Churn	`Risk > 80%` → “Flight Risk"	"Action: Call with 20% Retention Discount.”
Geo	`Traffic > High` + `Rating < Low` → “High Vol/Low Sat"	"Action: Audit Ground Staff & Delays.”

6. Key UI Features

The Single Customer View

(5_Customer_View.py)

This page aggregates data for one specific ID.

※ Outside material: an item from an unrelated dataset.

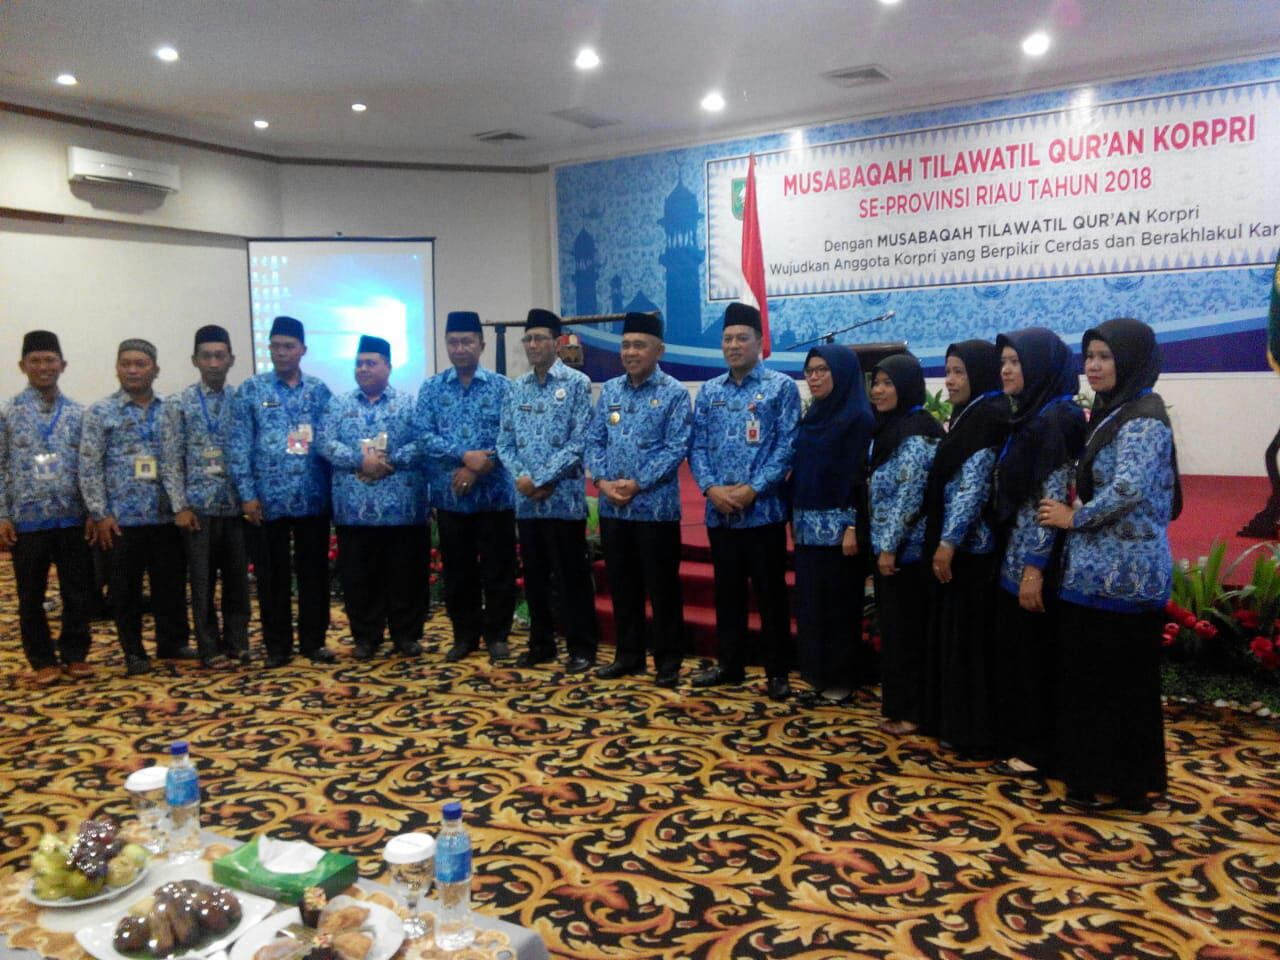 Peserta Musabaqah Tilawatil Quran Korpri II se-Provinsi Riau

Radar Chart: Plots a customer’s percentile rank against the population average for top metrics.
Risk Gauge: Visualizes churn probability using a Plotly gauge chart.
Cross-Module Access: Can pull data from Churn, Segmentation, or Sentiment caches depending on what is loaded.

The Simulator

(1_Churn.py)

Users can manipulate sliders (for numeric data) and dropdowns (for categorical data) to create a hypothetical customer profile.
The system runs churn_bot.predict_single() to return the new probability and generates a SHAP waterfall plot to explain the specific prediction.

7. Installation & Usage

Environment Setup: Ensure requirements are installed (pandas, streamlit, xgboost, shap, plotly, geopy, scikit-learn).
Run Application:
Terminal window
```
streamlit run app.py
```
Loading Data:
- Option A: Click “Load Demo Data” on the home page.
- Option B: Upload a CSV. The auto_register_data function in app.py will scan columns and activate the relevant tabs in the sidebar.

8. Common Troubleshooting

“No Geospatial Data Active”: The CSV must contain columns like ‘City’, ‘Country’, ‘Location’, or ‘Route’ for the auto-detector to flag it.
“Unmatched Locations”: If the offline dictionary misses a city, enable “Deep Scan” in 4_Geospatial.py to hit the live API.
Churn Model Errors: If columns are missing (specifically ‘Churn’), the model will refuse to train. Use validator.py logic to check requirements.